Thursday, August 24, 2023

new poetry book with Mary Snyder Behrens art

It has been a pleasure to learn today about the upcoming publication of a new book of poetry by American poet J.D. Schraffenberger, titled American Sad. Its projected publication date is February 2024, but copies can be pre-ordered now, at an advance sale discount price. The author is editor of the North American Review and professor of English at the University of Northern Iowa. More book information, examples of the author's poems, and ordering information can be found here.

Full disclosure: Personally, I am especially pleased that a major artwork by my wife, Mary Snyder Behrens, as been chosen by the author for use on the cover. I live with this work, since it has been on view in our dining room for years, and I pass it multiple times in the course of a day. It is large, for the scale of a dining room wall (48h x 30w x 4d), encased in a plexiglas cover, and so multi-faceted and visually provocative that one cannot help but be drawn in. Titled American Canvas II, it is one of several comparable-sized, related works that she completed in 2002 (can it really have been 21 years ago?).  All of them are mixed media, dimensional compositions of cast-off detritus from our farm, bits of junk that farmers buried years ago (in the manner of amateur landfills), and which, during heavy rains, rise up again to the surface—and, in some cases, cause us harm. 

I for one could not be more delighted that the writer J.D. Schraffenberger has found some strand of common ground between the art he makes with words, and the visual verse that Mary constructs.

novelist Ruth Suckow / a celebration of her life

Suckow exhibition banner (2023)
On Saturday (two days from now), there is a gathering of the Ruth Suckow Memorial Association. Suckow (pronounced Soo-Co), who lived from 1892-1960, was a once highly-acclaimed novelist and short story writer from Iowa, whose work was resoundingly praised by the famous literary critic H.L. Mencken. Much more information about her can be found on an online Wikipedia biography site, including a list of her books, and a link to the Suckow Memorial Association, which was founded in 1966.

The association's annual gathering will take place this weekend at the Hearst Center for the Arts at 304 West Seerley Boulevard (a few blocks east of the University of Northern Iowa campus) in Cedar Falls IA on August 26. Beginning at 1:00 pm that day, there is a one-hour session that is free and open to the public.
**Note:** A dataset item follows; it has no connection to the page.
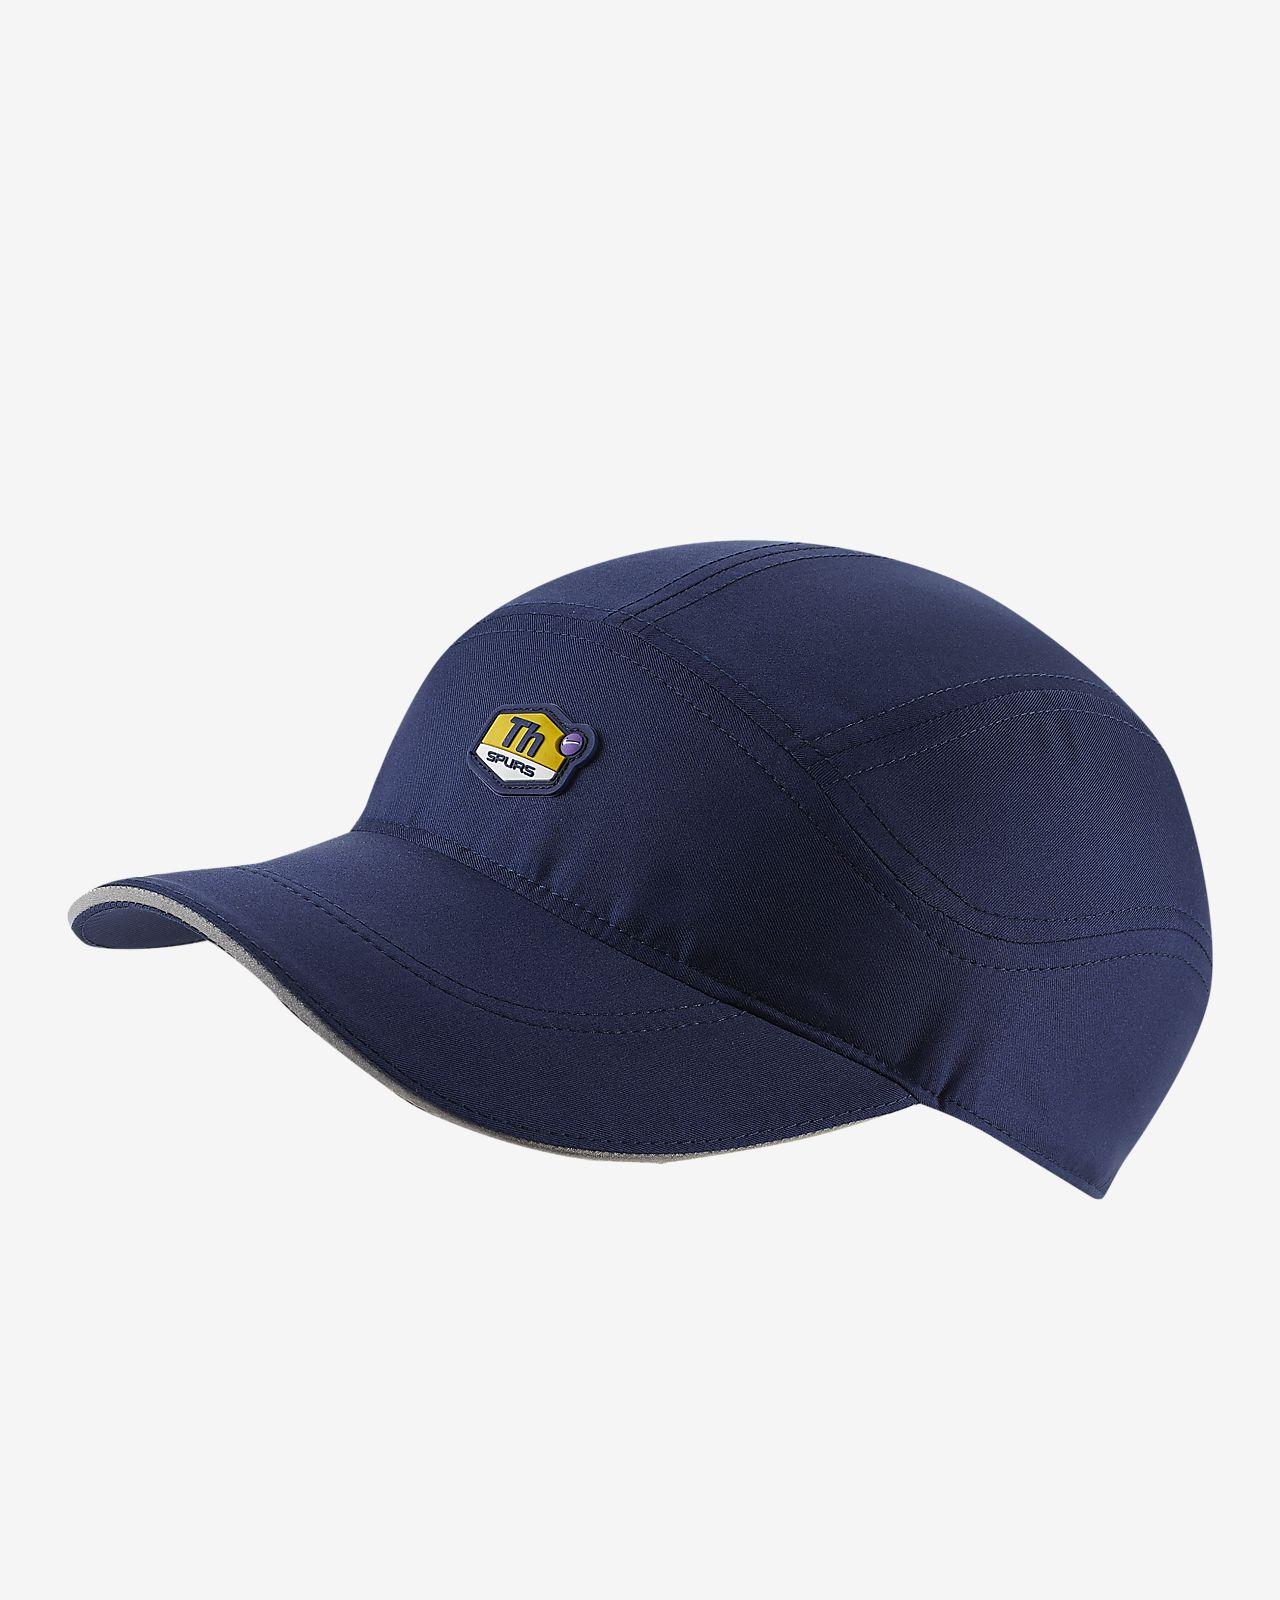 Tottenham Hotspur Tailwind Hat

One of her novels, titled Country People, will be the primary focus of that afternoon session, in which a discussion will follow a series of short presentations by four association members, Bill Douglas, Jim O'Loughlin, Julie Husband, and Cherie Dargan.

I have a particular interest in this event because earlier this year I was asked by Barbara Lounsberry, the association's president, to design a six-panel exhibition about Ruth Suckow's life, along with a banner for posting (as shown above) as it travels to libraries throughout the state. The panels and banner, which were made possible by a grant from Humanities Iowa, will premiere this weekend at the RSMA gathering. 
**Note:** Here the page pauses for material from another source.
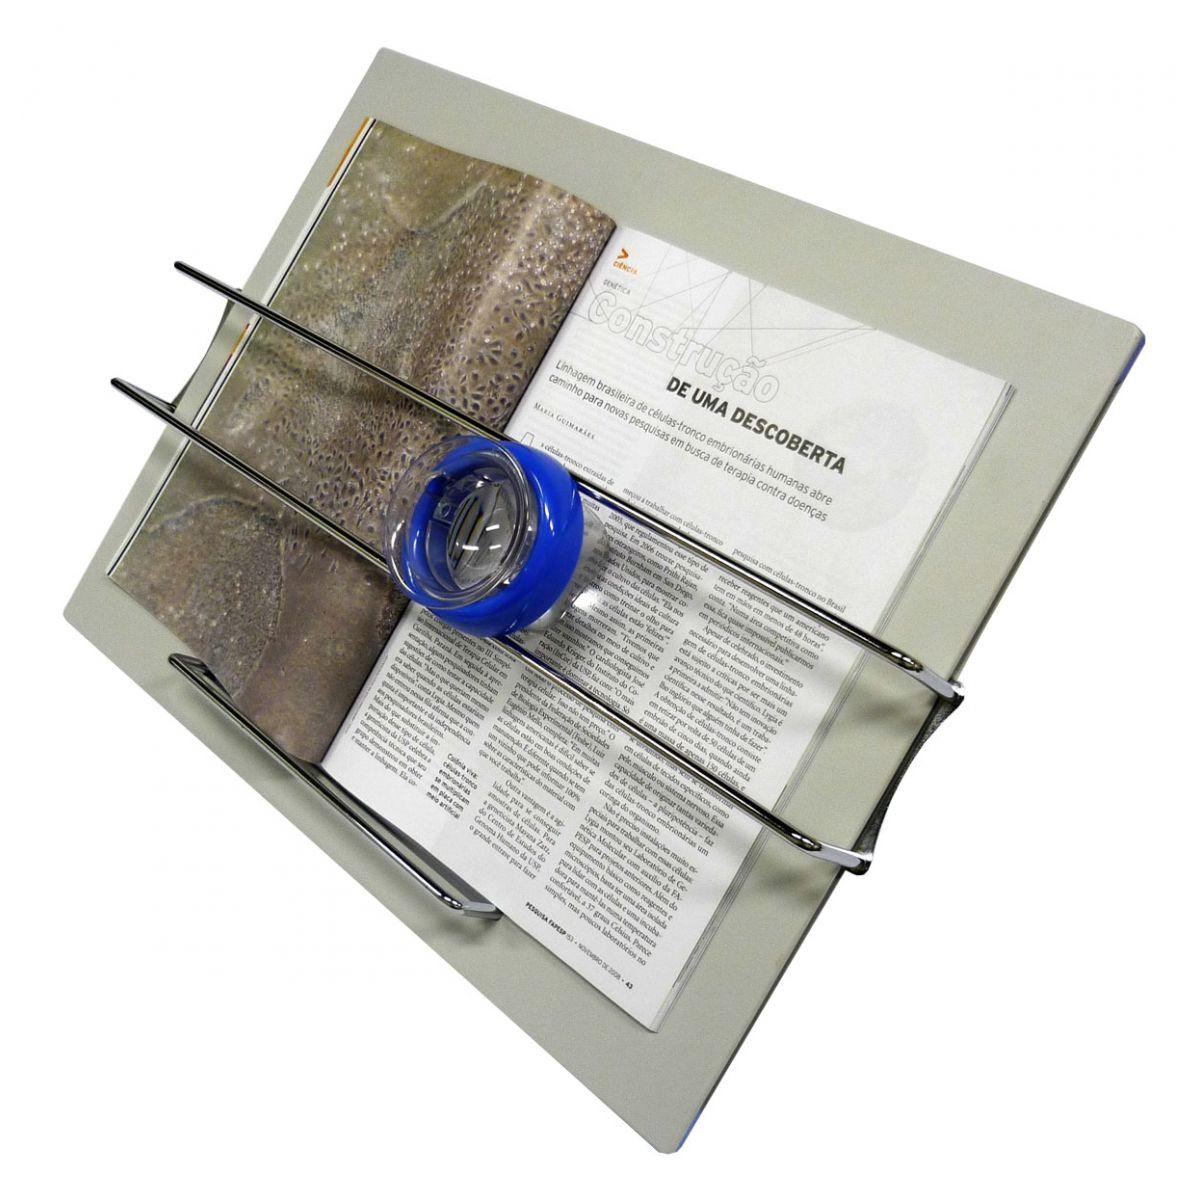 Prancha de Leitura com Lupa 6X

I have an additional interest because one of the communities where Ruth Suckow lived was the city of Manchester IA, at a time when my maternal ancestors, the family of John J. Pentony, also lived there. Suckow attended high school with my grandmother and several great aunts.



Tuesday, August 15, 2023

Walter Hamady // book artist and paper maker

Above (and below) Title frame and other single frames from a new 20-minute video talk about Walter Hamady (1940-2019), prominent book artist, paper-maker, and collagist, who was well-known as a teacher at the University of Wisconsin at Madison. 

Having earlier taught in Milwaukee for ten years, I had become aware of his work in the 1970s. Because of his liking for Ballast Quarterly Review (which I had founded in 1985), he and I began to exchange spirited letters (along with a mix of enclosures), once or twice or more a month. 

This led to collaborations of one kind or another, eventually resulting in exhibitions, published essays, and an archive of his artist’s books. I saved everything, even all the envelopes and mailing containers, in part because they were always addressed to mutilations of my name, such as Corps du Roy, Rhoidamoto, Trompe L’Roi at Labbast, Royatolla, and so on. This continued for more than a decade, perhaps to the mailman’s amusement.

Looking back on what I have, I have now produced a video talk (a brief memoir-like tribute) titled BOOK ART: Walter Hamady’s Books, Collages and Assemblages, which can be accessed free online on my YouTube channel.